Assignment> Transcribe the data exactly, pictures excluded.

Data extract>
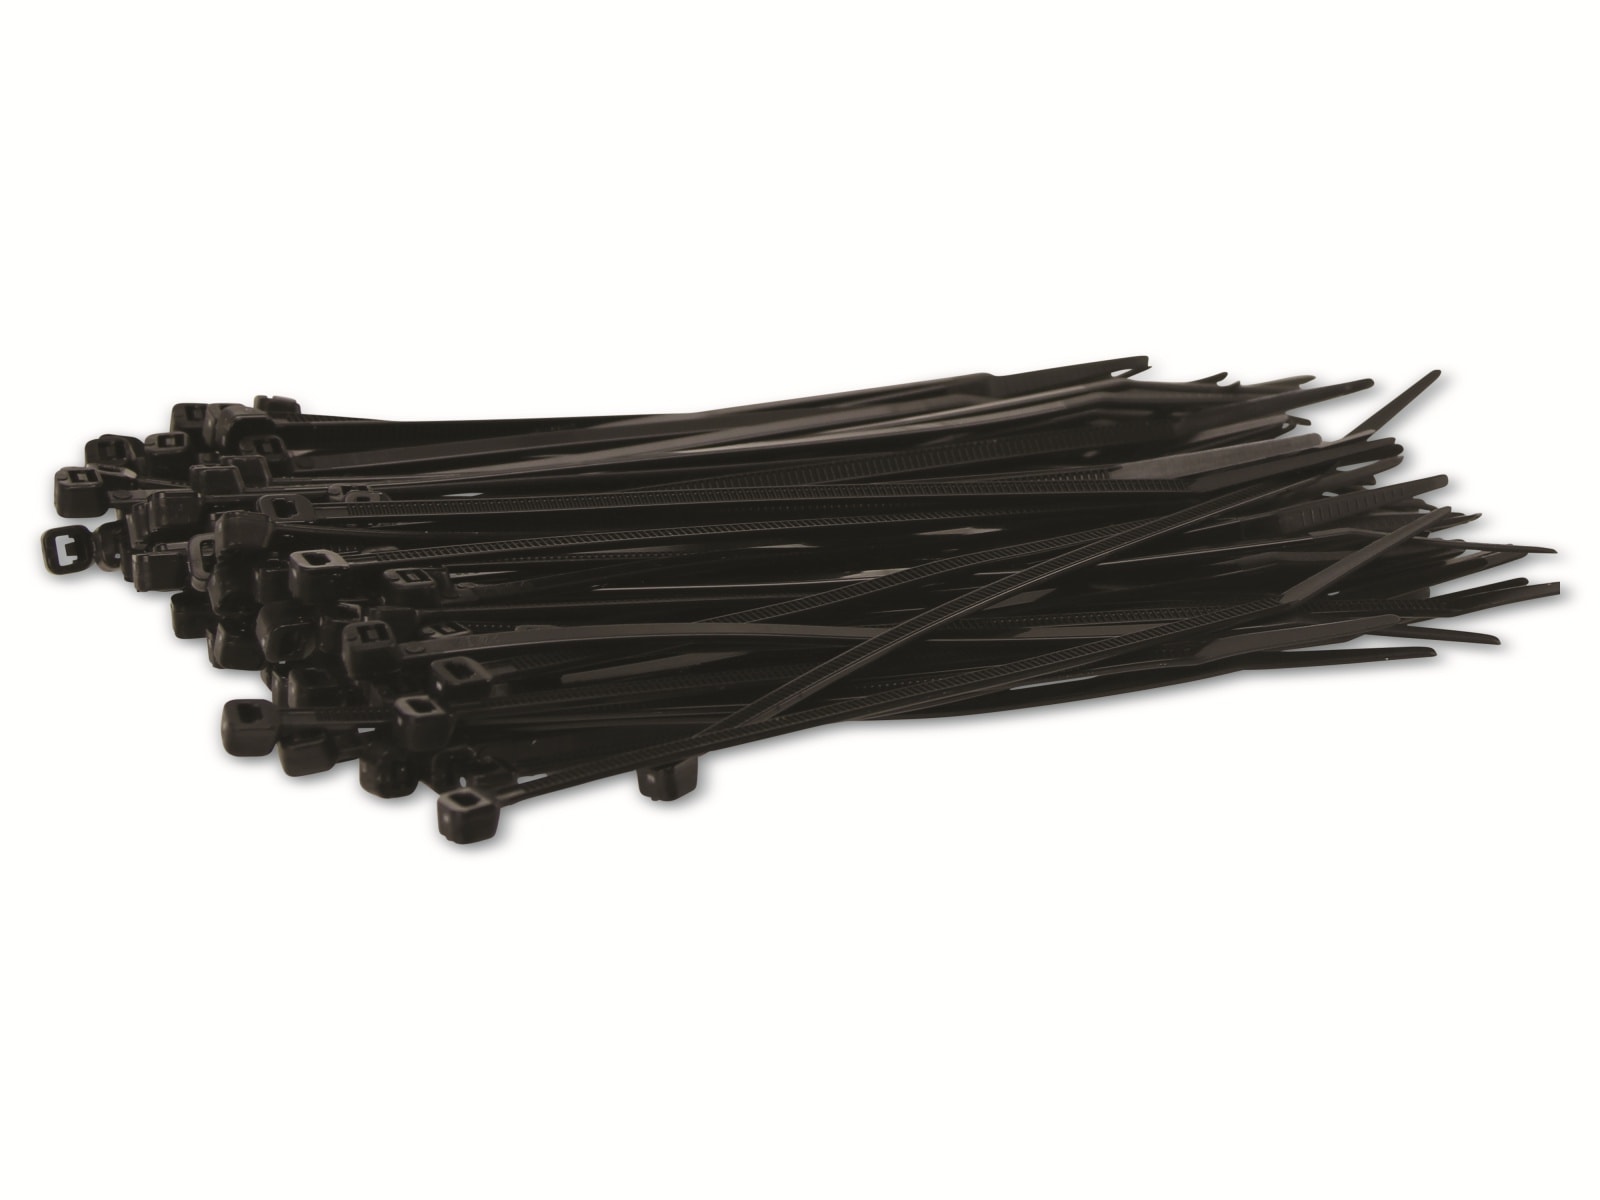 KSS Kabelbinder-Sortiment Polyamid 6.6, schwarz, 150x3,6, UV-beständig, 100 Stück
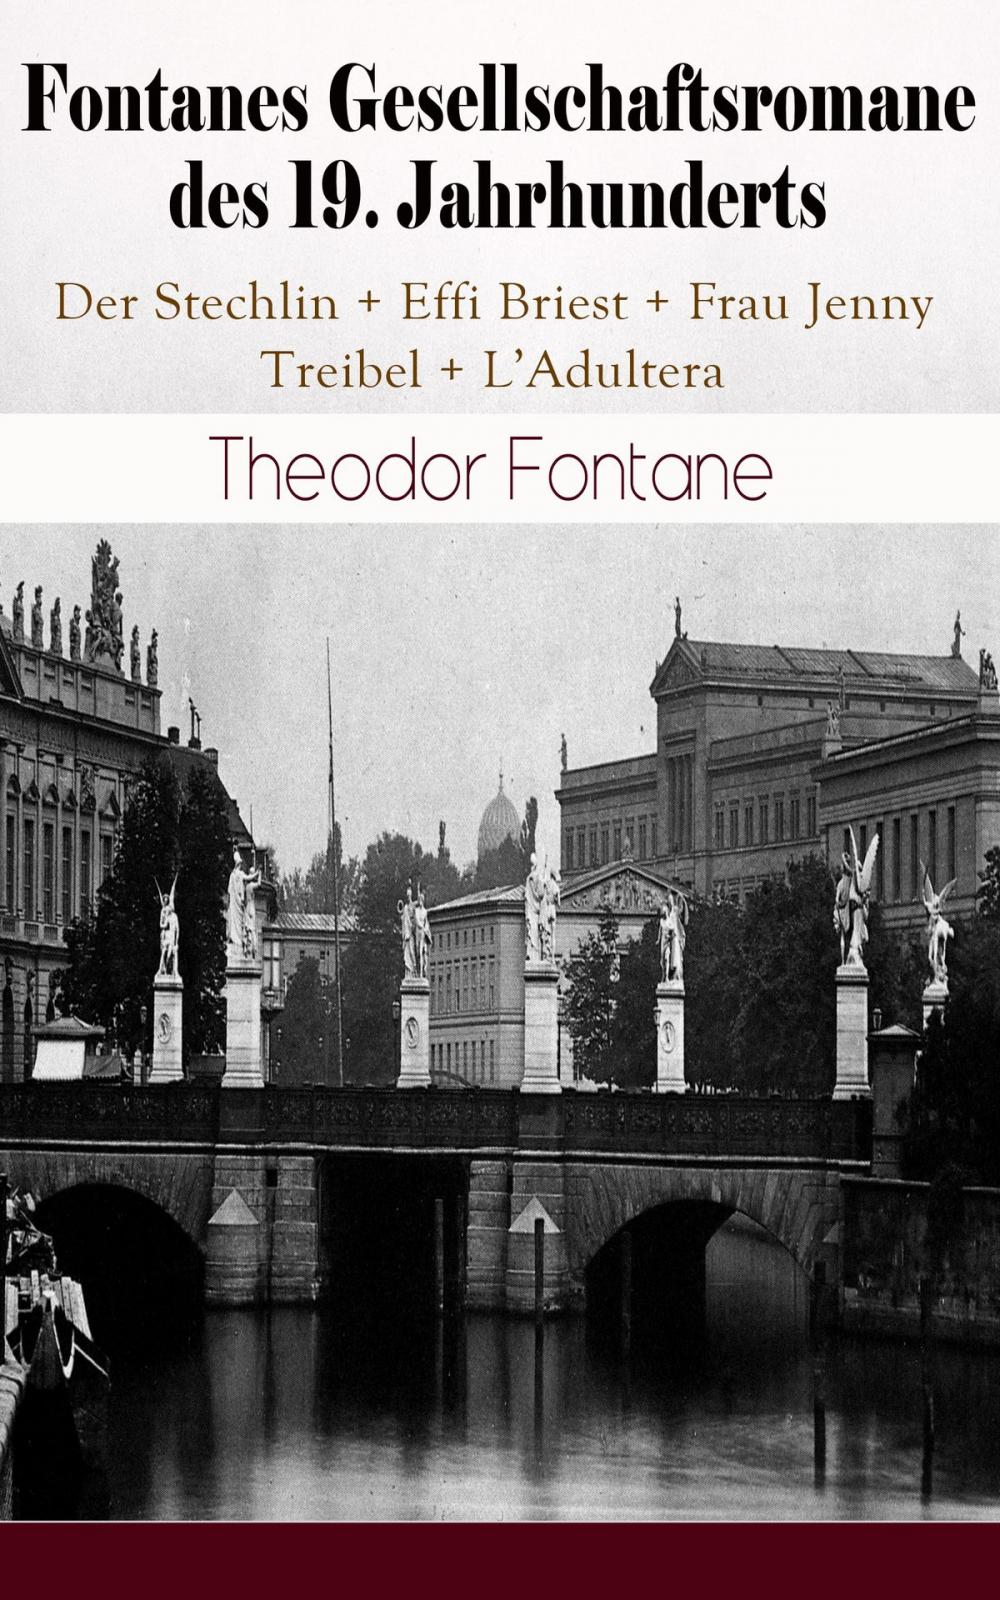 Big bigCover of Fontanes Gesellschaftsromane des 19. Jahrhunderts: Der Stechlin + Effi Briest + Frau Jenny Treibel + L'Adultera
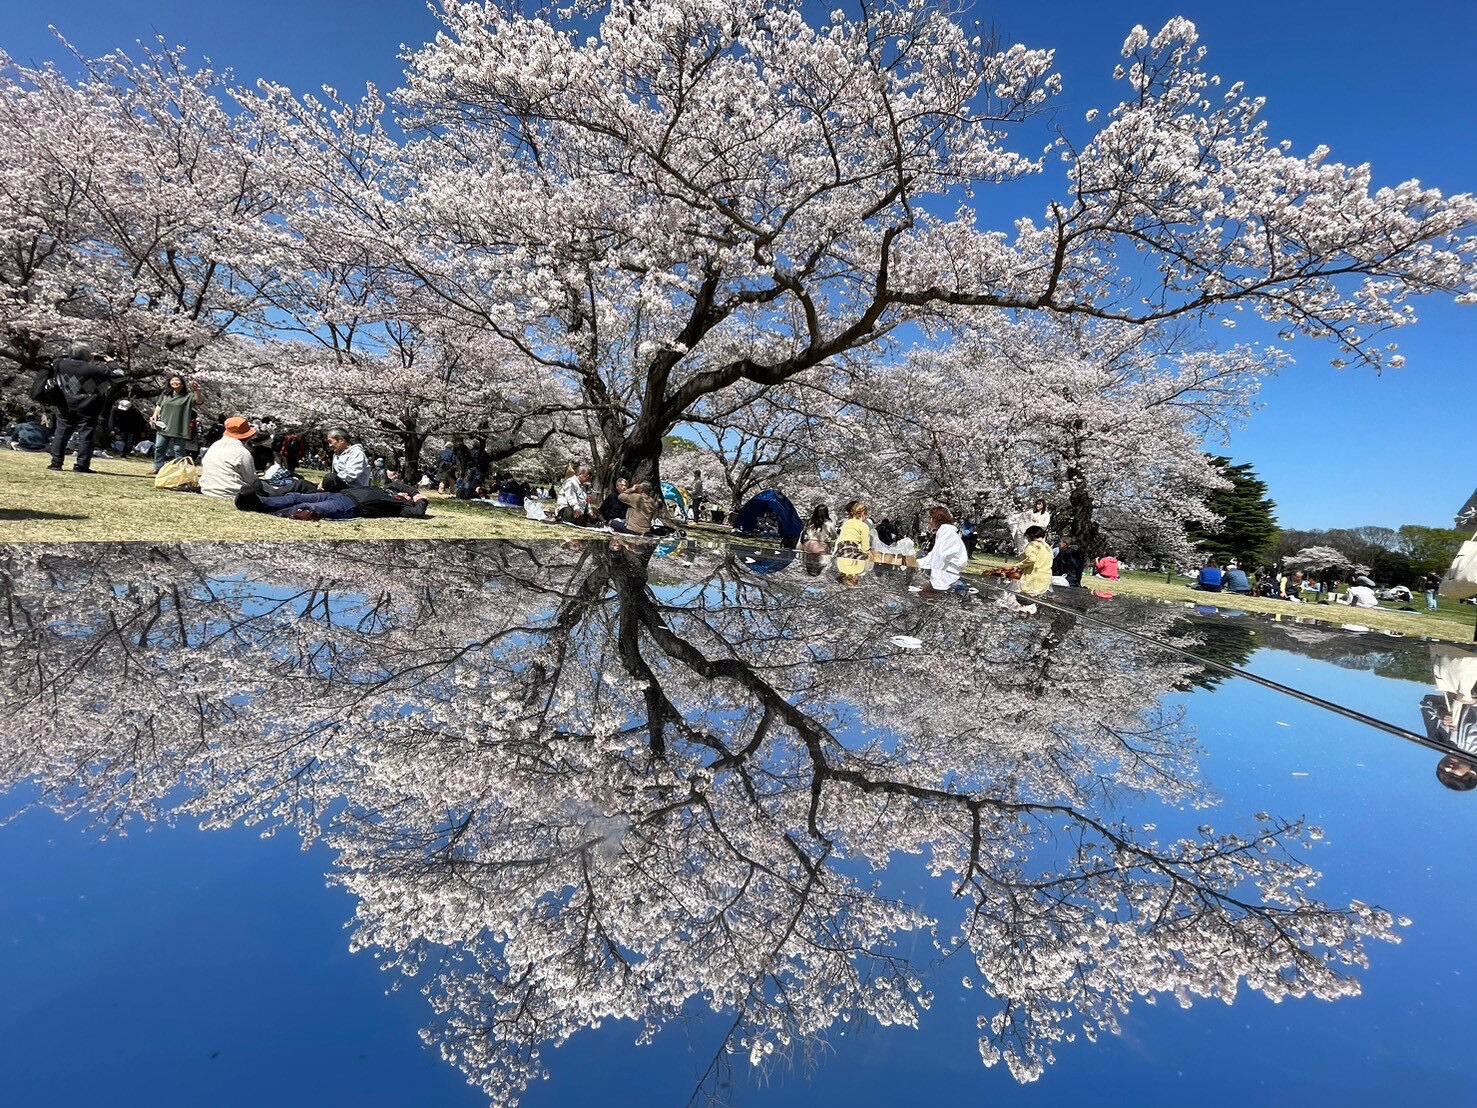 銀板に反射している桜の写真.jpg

Your response>
 KSS Kabelbinder-Sortiment Polyamid 6.6, schwarz, 150x3,6, UV-beständig, 100 Stück
 Big bigCover of Fontanes Gesellschaftsromane des 19. Jahrhunderts: Der Stechlin + Effi Briest + Frau Jenny Treibel + L'Adultera
 銀板に反射している桜の写真.jpg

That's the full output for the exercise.